Raw data:
..........

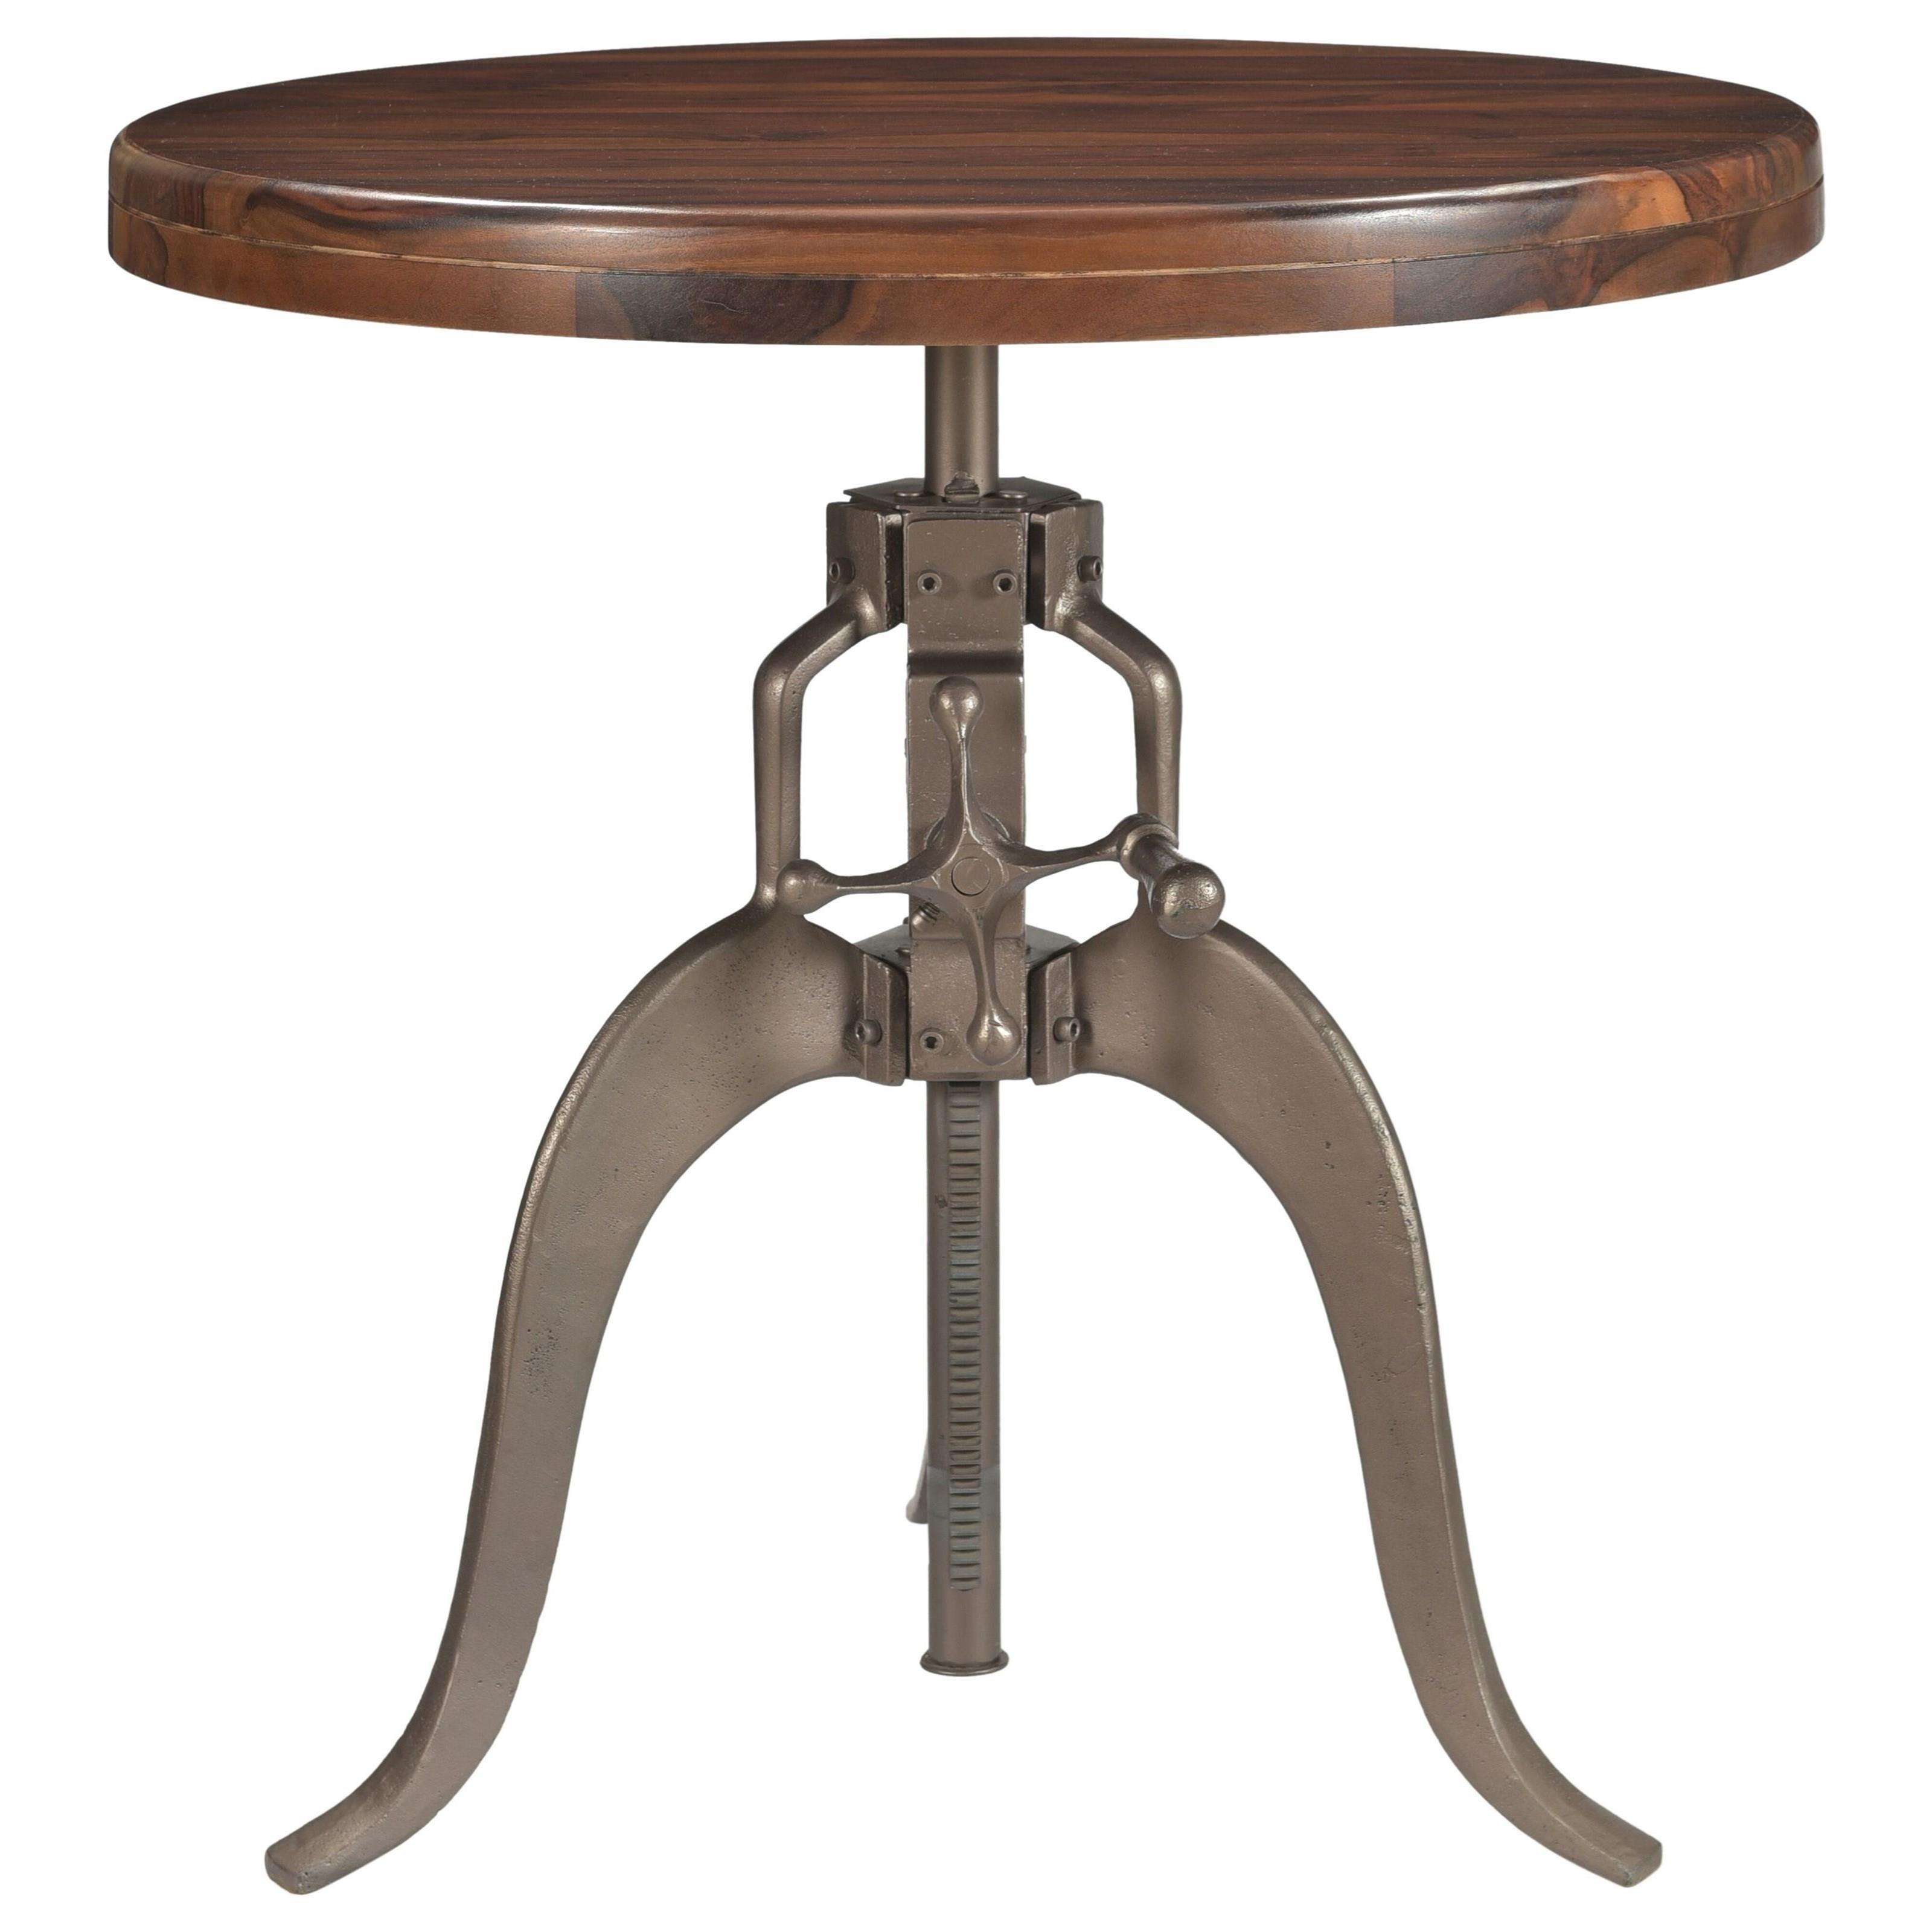 Industrial Round Adjustable Pub Table
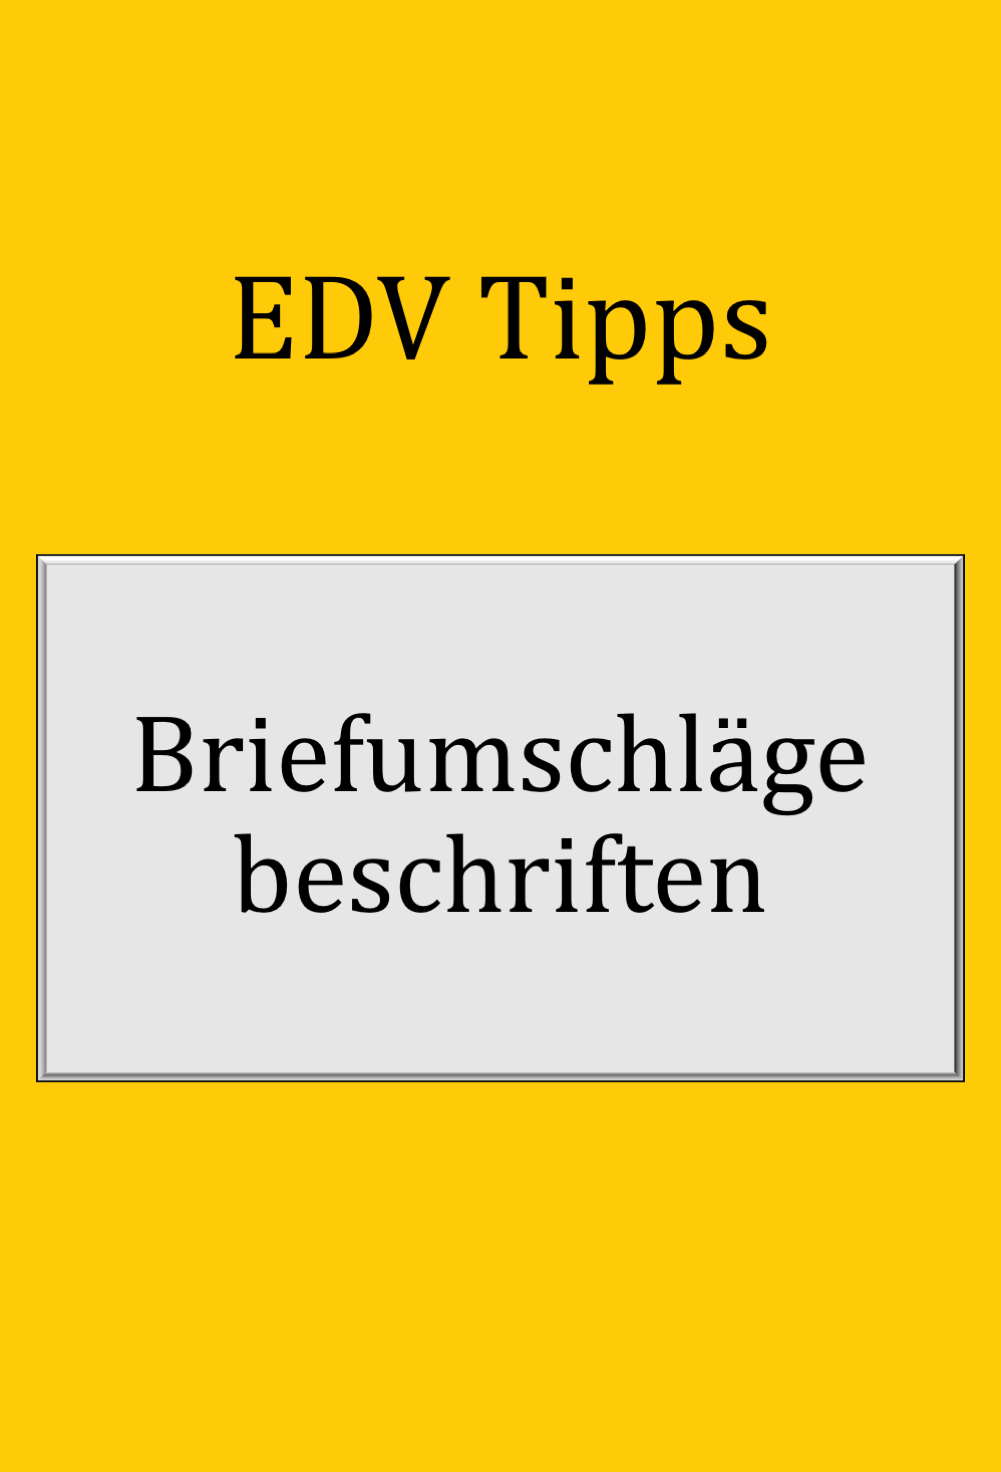 Word Tipps Briefumschlag Bedrucken Briefumschlag Umschlag
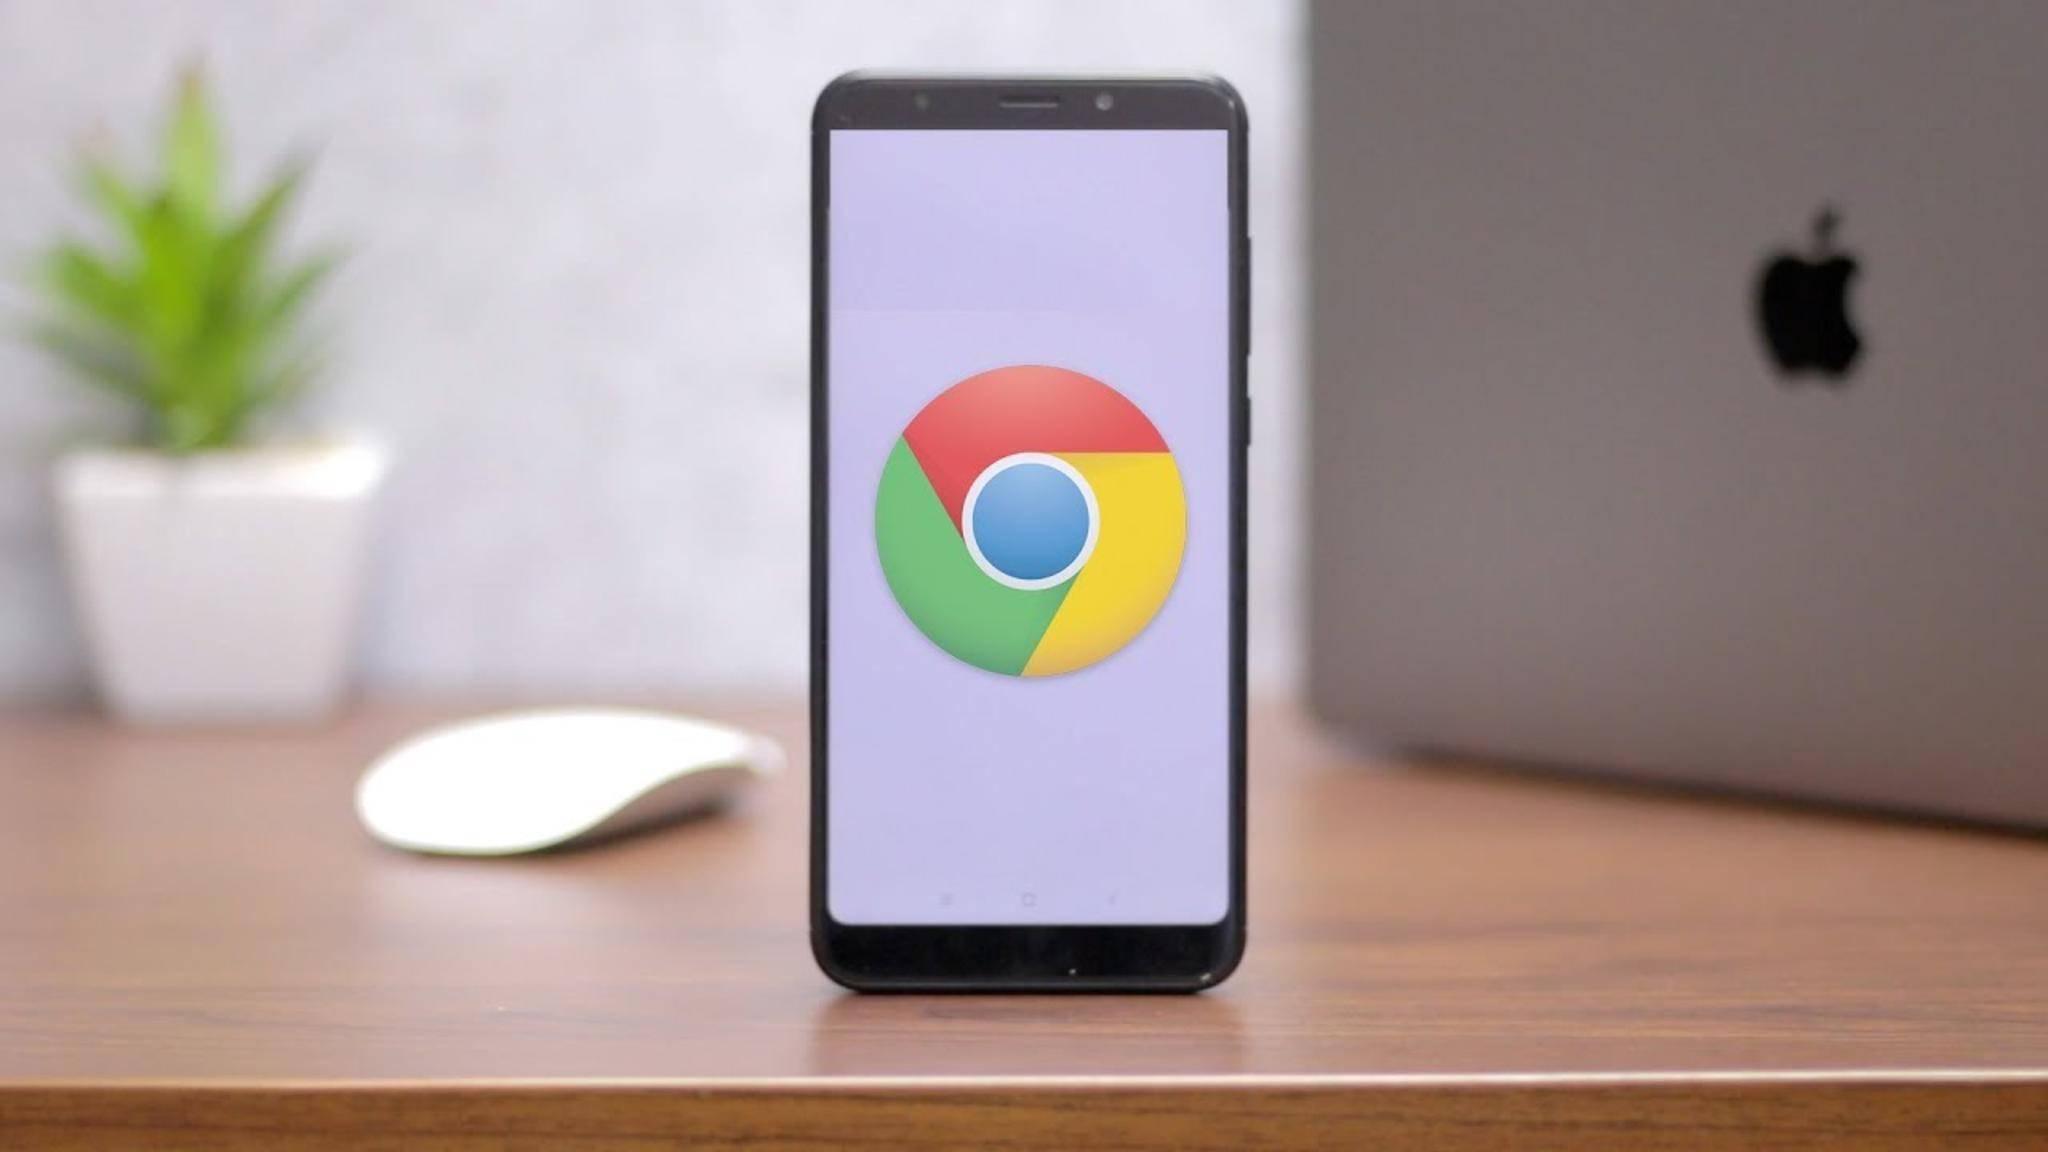 Keine Lust auf Chrome als Standard-Browser? Android lässt Dir freie Wahl.

..........

Brief:
Print the complete listing exactly as it stands, without its pictures.

Task response:
 Industrial Round Adjustable Pub Table
 Word Tipps Briefumschlag Bedrucken Briefumschlag Umschlag
 Keine Lust auf Chrome als Standard-Browser? Android lässt Dir freie Wahl.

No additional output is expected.